#### COLLECTED DATA
____

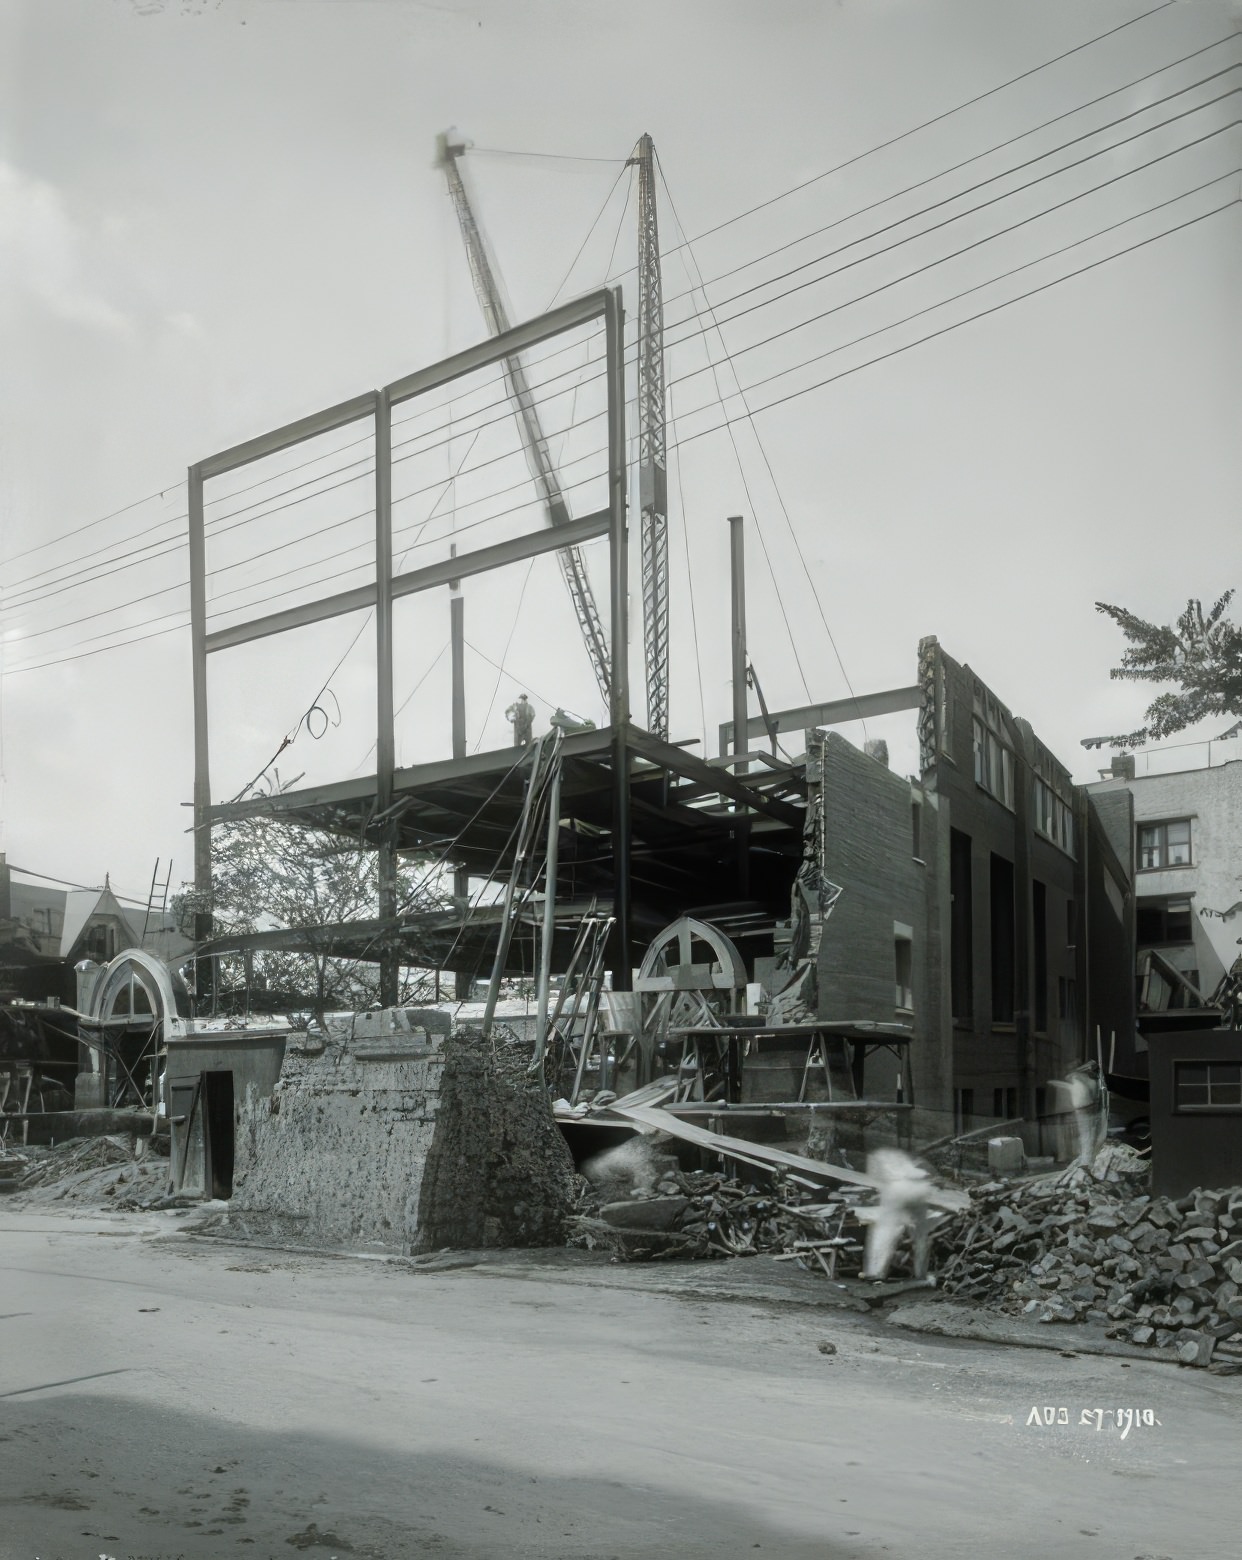 183Rd Street And Washington Avenue, Parochial School, Construction, August 1914.
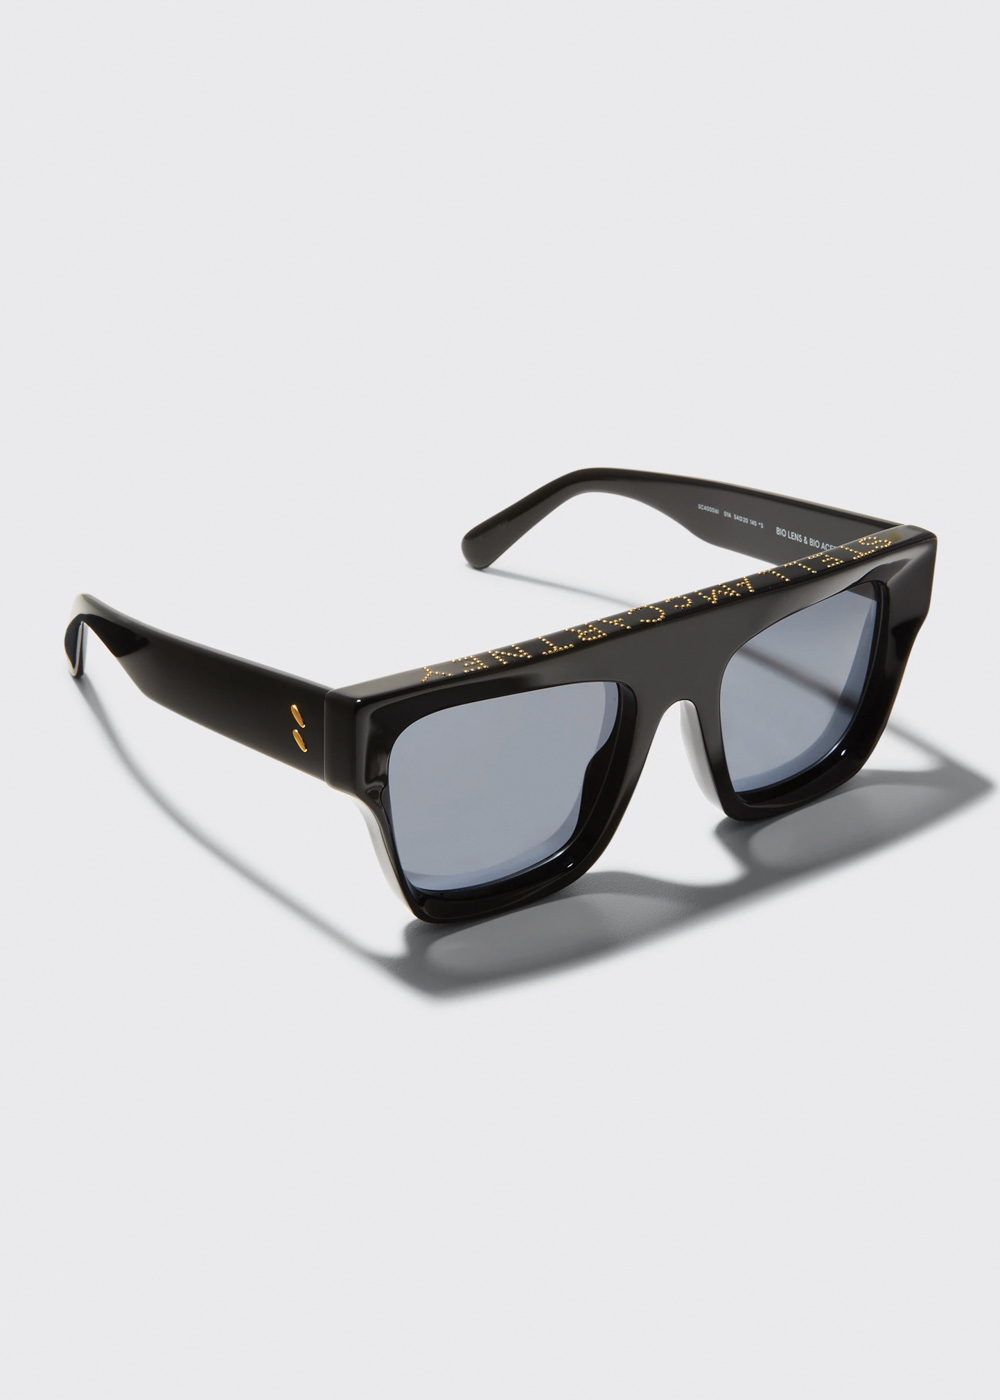 36 Stella Mccartney Women's Square Bio Acetate & Metal Sunglasses $320 Shopmarcus.com
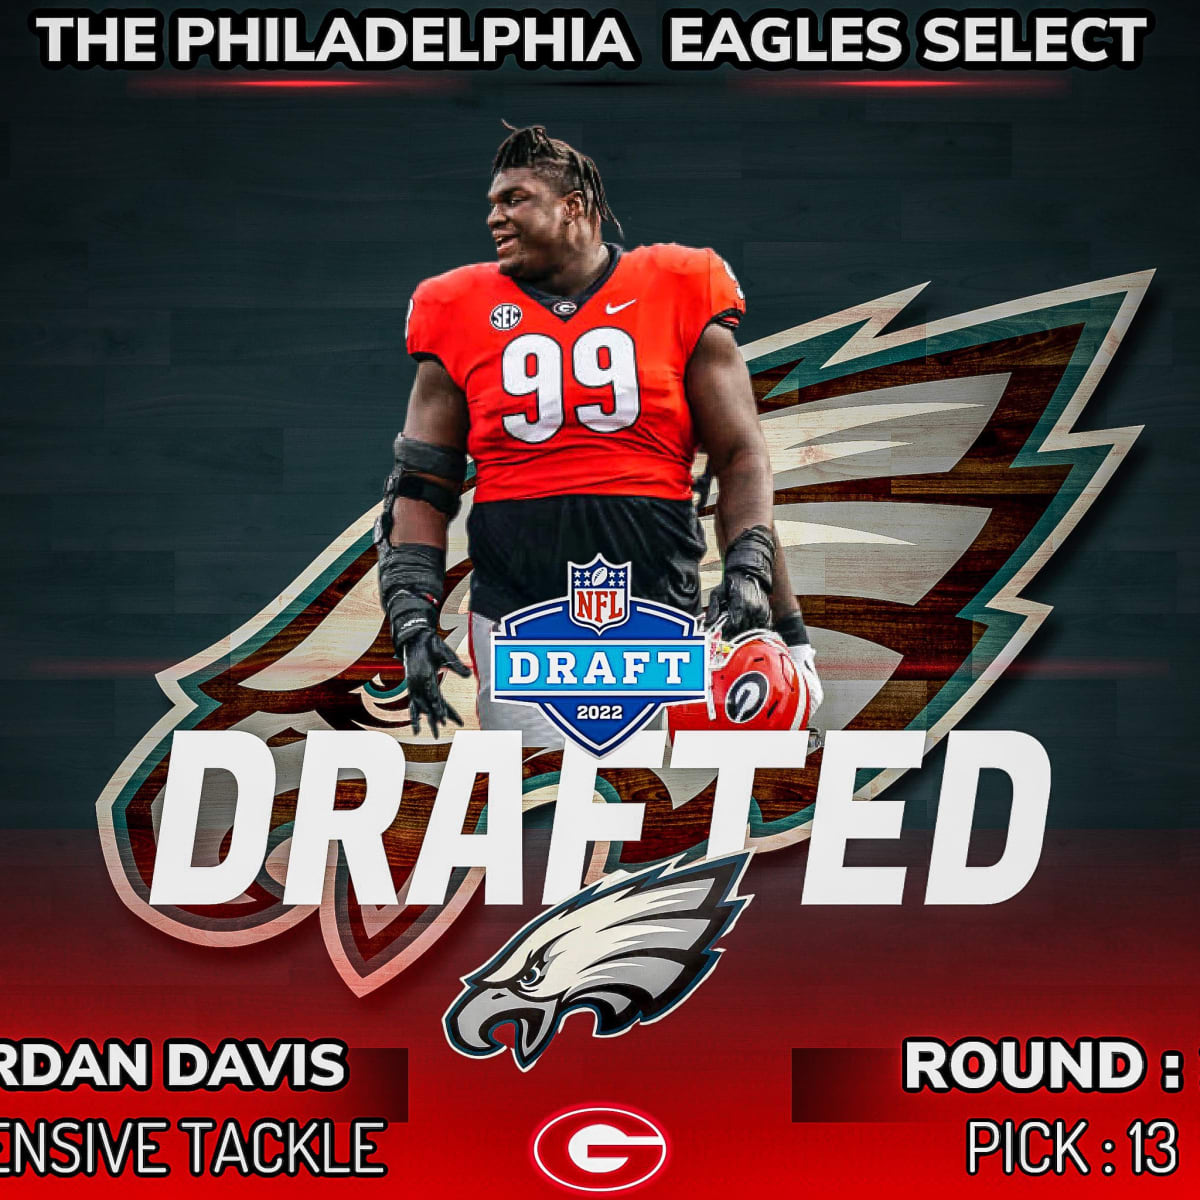 Georgia DL Jordan Davis selected in first round of 2022 NFL draft
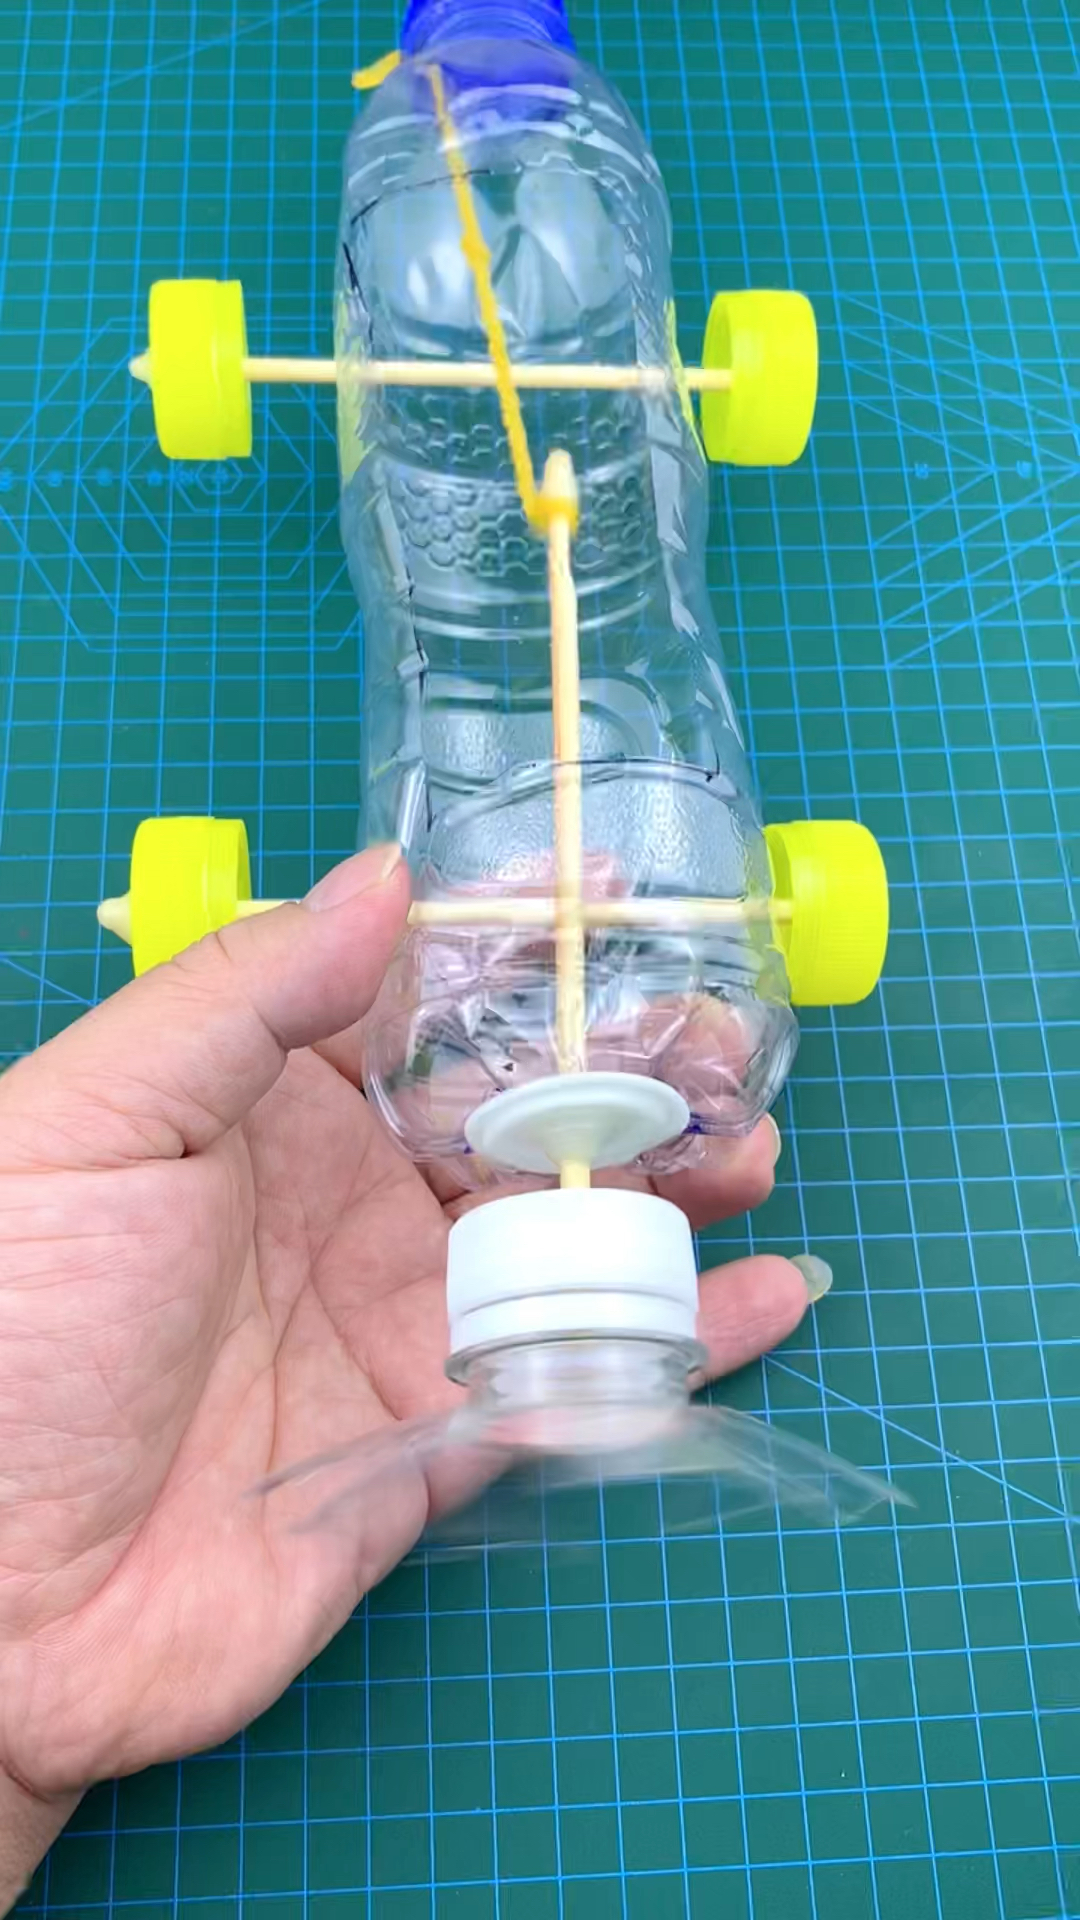 【手工】用饮料瓶做的电动玩具车_哔哩哔哩 (゜-゜)つロ 干杯~-bilibili

____

#### WHAT TO WORK ON
Begin the copy at the line containing "36 Stella Mccartney" and end it at the final line of the material above, reproducing each line exactly and omitting pictures.

#### EXERCISE RESULT
 36 Stella Mccartney Women's Square Bio Acetate & Metal Sunglasses $320 Shopmarcus.com
 Georgia DL Jordan Davis selected in first round of 2022 NFL draft
 【手工】用饮料瓶做的电动玩具车_哔哩哔哩 (゜-゜)つロ 干杯~-bilibili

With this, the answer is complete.